THE MADONNA AND CHILD WITH PENITENTS, 1497

Both of these pictures have signs of hurried execution, and do not appear to be in all their details the work of the master, and my contention is that they were planned when the Fano ones were in progress and executed partly by pupils under the control of the artist who was himself working close at hand. The 1497 altar-piece at Fano is really a fine picture, and the five predella pictures are remarkably good, perhaps the finest of this style of miniature-like painting that Perugino ever executed.
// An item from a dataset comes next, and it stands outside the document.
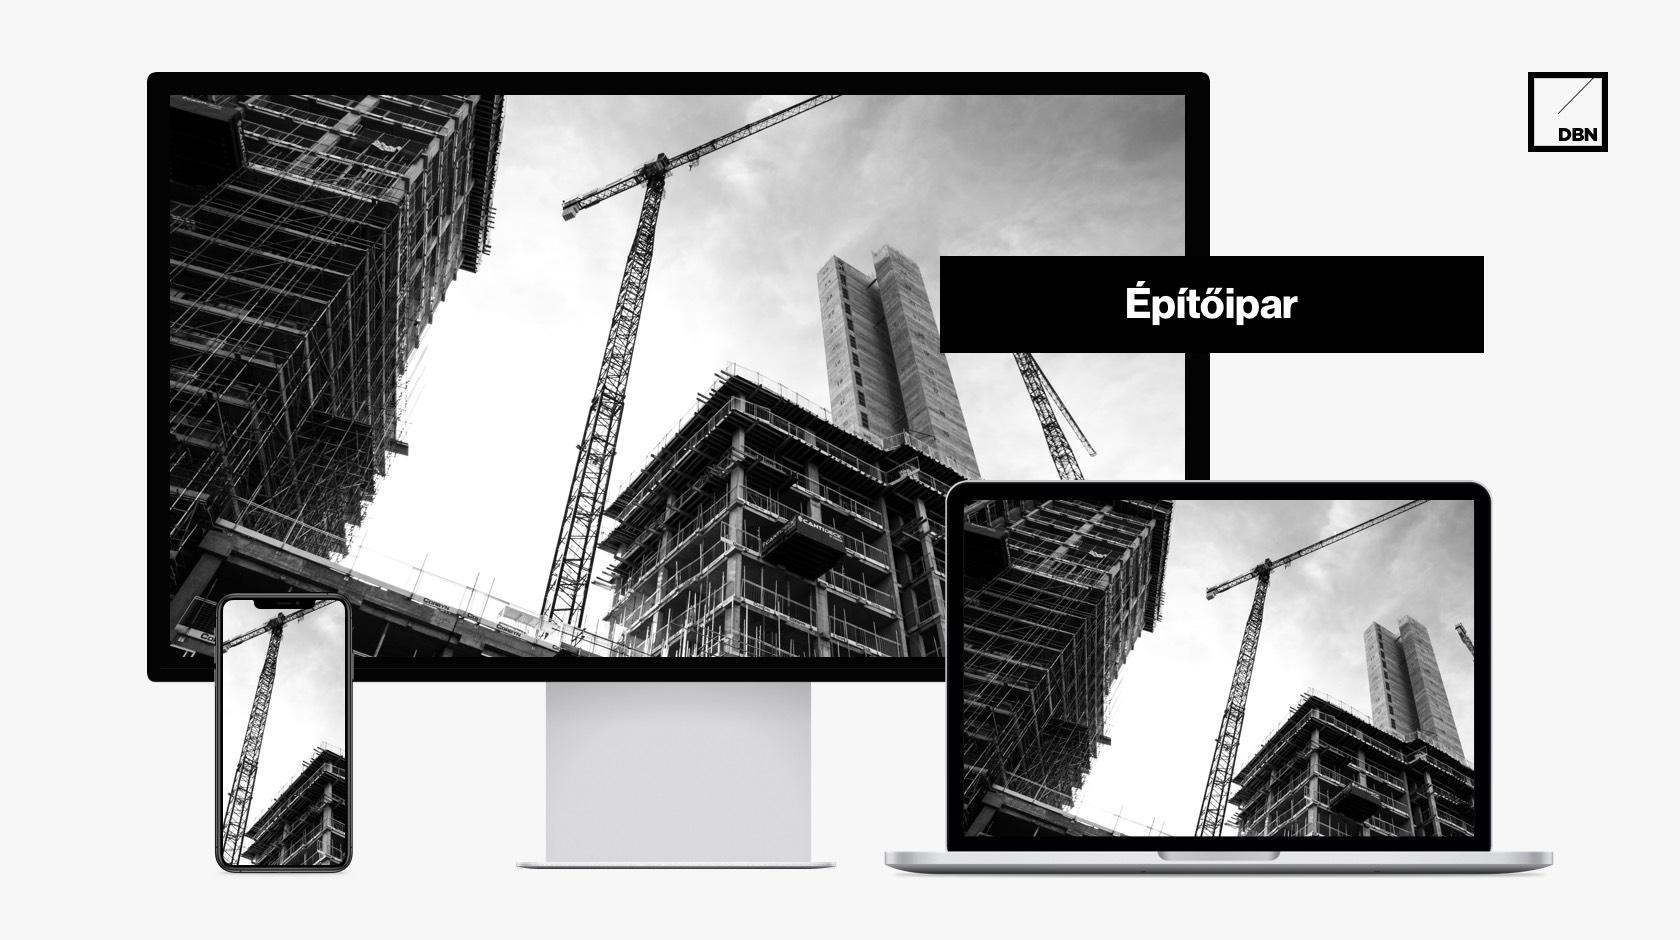 Építőipari weboldal készítés

In the predella scene can be noted Perugino's method of representing the "Sposalizio," and the arcade and temple doorway, the arrangement and grouping of the figures, and the open air effect of the whole, and entire absence of crowding will all be noted as characteristics which the Caen picture does not possess. The lunette of this fine altar-piece is the same scene as the artist used in the scattered altar-piece for St. Agostino, and should be compared with the lunette from this altar-piece which now hangs in St. Pietro in Cassinense at Perugia. In the latter the Virgin and the Magdalen are each holding one of the hands of the dead Christ. In the Fano picture these hands hang down loosely and rest on the tomb. In other respects the two pictures are almost identical.
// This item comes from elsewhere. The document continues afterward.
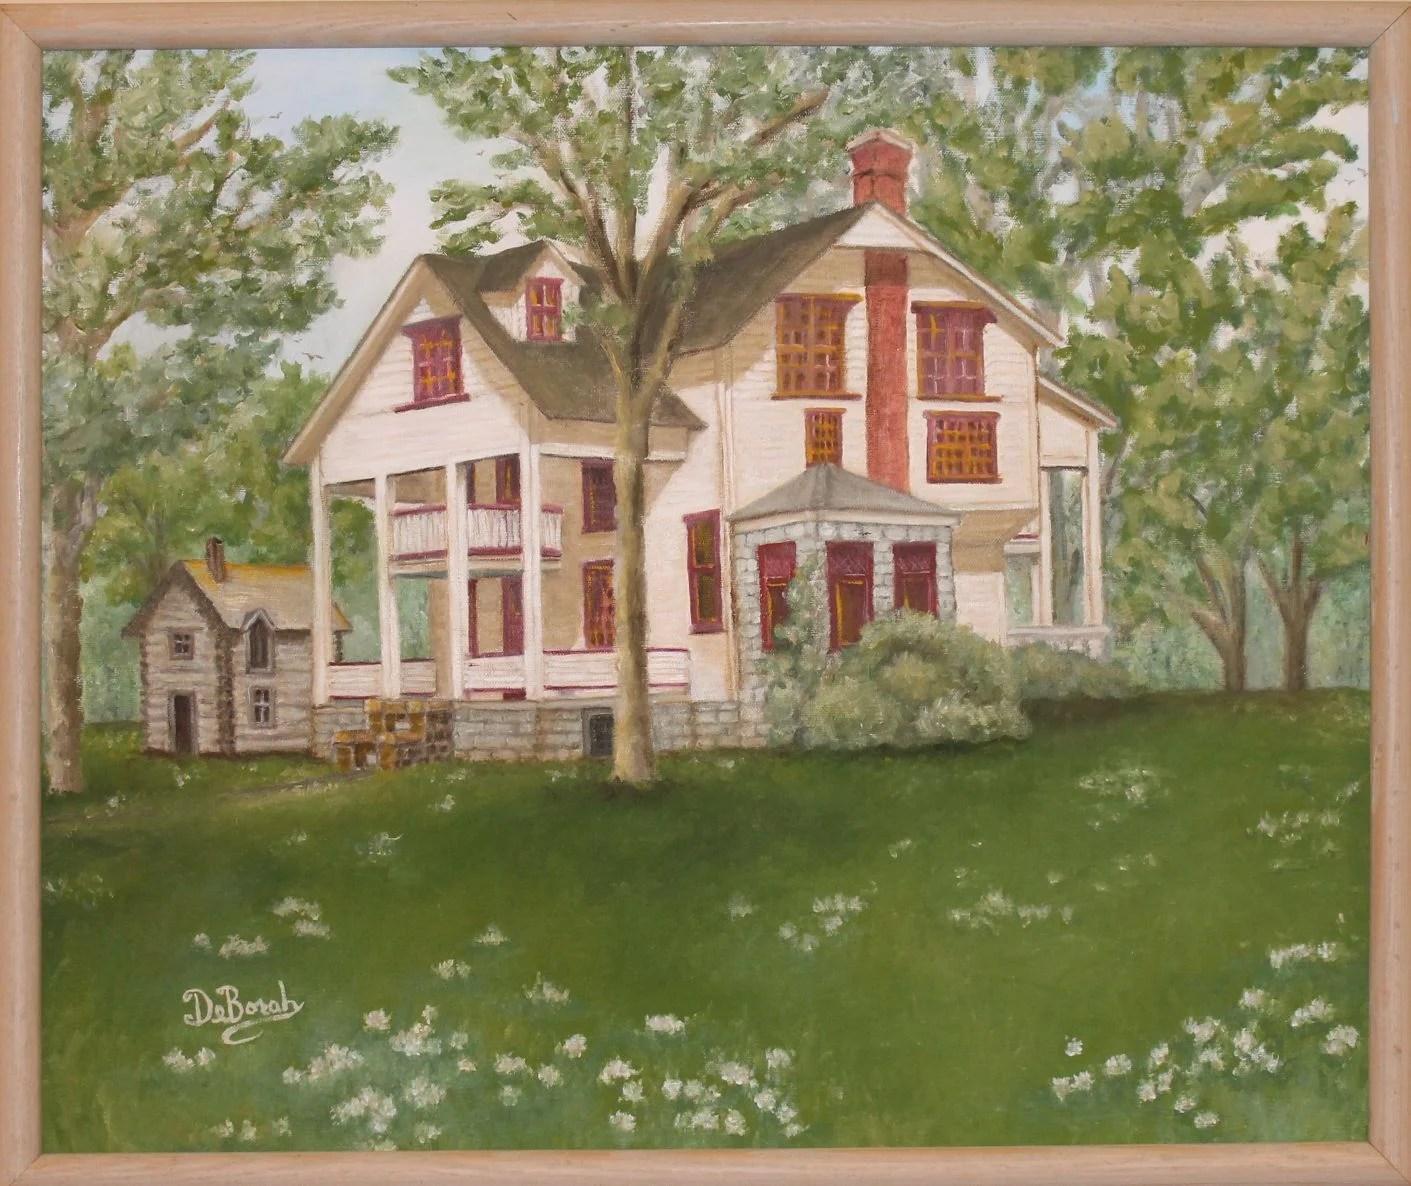 Fullsize Of Mother Daughter House

Alinari photo] [Perugia Gallery

THE INTERCESSION OF ST. FRANCIS ON BEHALF OF PERUGIA

The other Fano picture is a very charming "Annunciation." The arched colonnade again appears. The Eternal Father, within a circular mandorla, is above, and below, flying towards the Madonna, is the white dove of the Holy Spirit. In the distance is Fano itself, and in the far distance the sea.

We now come to the two Perugia pictures. The one which is known to have been painted in 1497 for the altar of the noble confraternity of "San Pietro Martire," represents the Madonna seated upon a throne or tomb, crowned, and holding the Christ on her knee. Above in the air are two angels kneeling in adoration, while on the ground around and partially behind the Queen of Heaven, are two groups of white-robed penitents. There is a study for this picture in the Uffizi.
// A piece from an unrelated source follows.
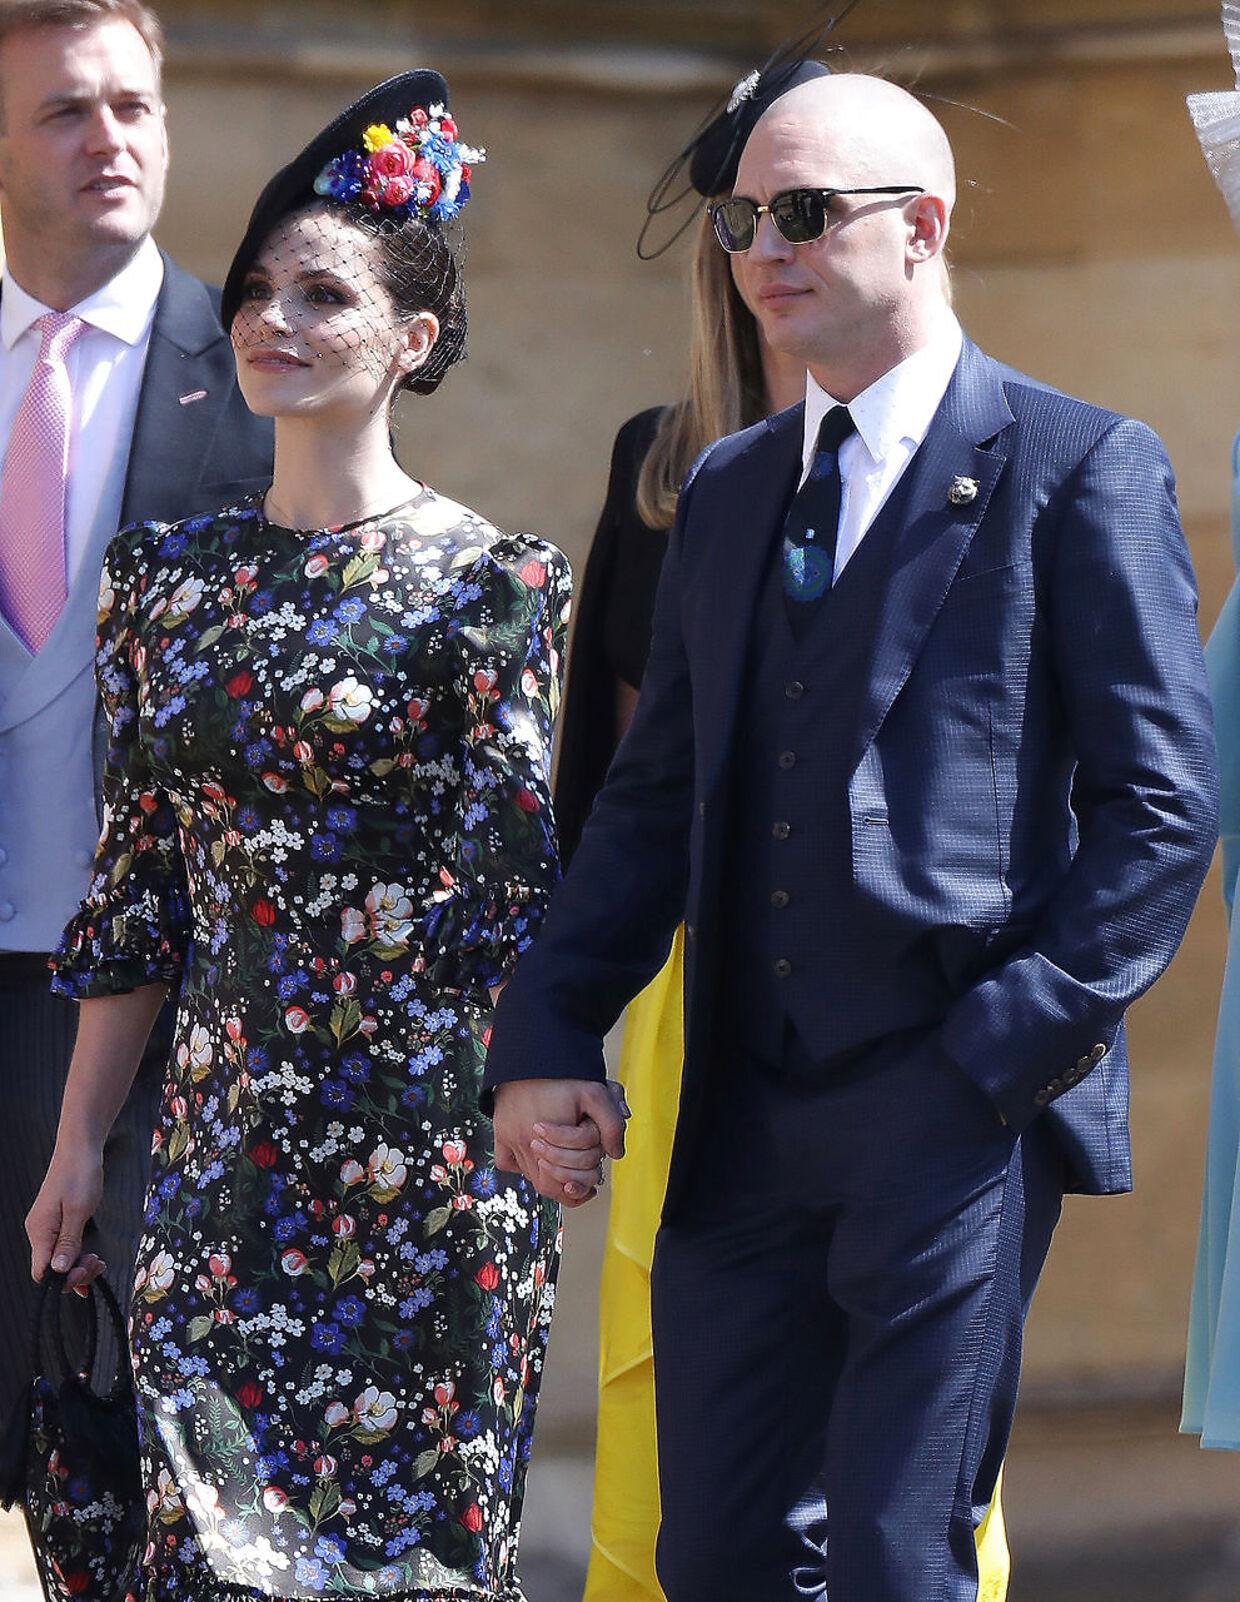 Charlotte Riley og Tom Hardy var nogle af de udvalgte, som fik lov til at deltage ved det kongelige bryllup af prins Harry og Meghan Markle i maj 2018. Chris Jackson/Pool via REUTERS

It ought to be quite easy to discover the exact date of the other picture. It was painted for the noble confraternity "della Giustizia," who deposited it in the gallery, and it evidently alludes to the union of the original confraternity of San Andrea della Giustizia, with a smaller but similar body dedicated to San Bernardino and connected with the church of San Francesco. San Bernandino of Siena is one of the two saints who are kneeling in the foreground, and is distinguished by the tablet bearing the I.H.S. surrounded by rays of light which floats in the air close to him. He lived at the convent of San Francesco al Prato, and close to the convent now stands the oratory dedicated in 1461 to his memory, the front of which is decorated with Agostino Ducci's wonderful marble and terra-cotta façade. The confraternity for whom the picture was painted, specially honoured the memory of San Bernardino, and therefore had a peculiar devotion toward his patron saint, St. Francis of Assisi. St. Francis, in the picture in question, kneels opposite to San Bernardino. In the background is a large group of kneeling people headed by the Priori in their furred gowns, and near at hand are women and penitents, all intent upon the same petition. Still more remote is a representation of the city, differing in many respects from the view of Perugia given in the St. Agostino altar-piece painted in 1521, and resembling much more closely the town of San Gemignano as it now appears.

One would have naturally expected that this picture would have been named by Mariotti, or that documents in Orsini or in the Perugian archives would have mentioned it. My chief reason for giving it to 1498 is that in that year there was an outbreak of plague in the city which the records inform us suddenly ceased in response to great supplication, and it is possible that this picture was painted for the confraternity in commemoration of this answer to prayer. There are perhaps only two other instances in which St. Francis is represented, but the reason already stated may well account for his presence in this picture.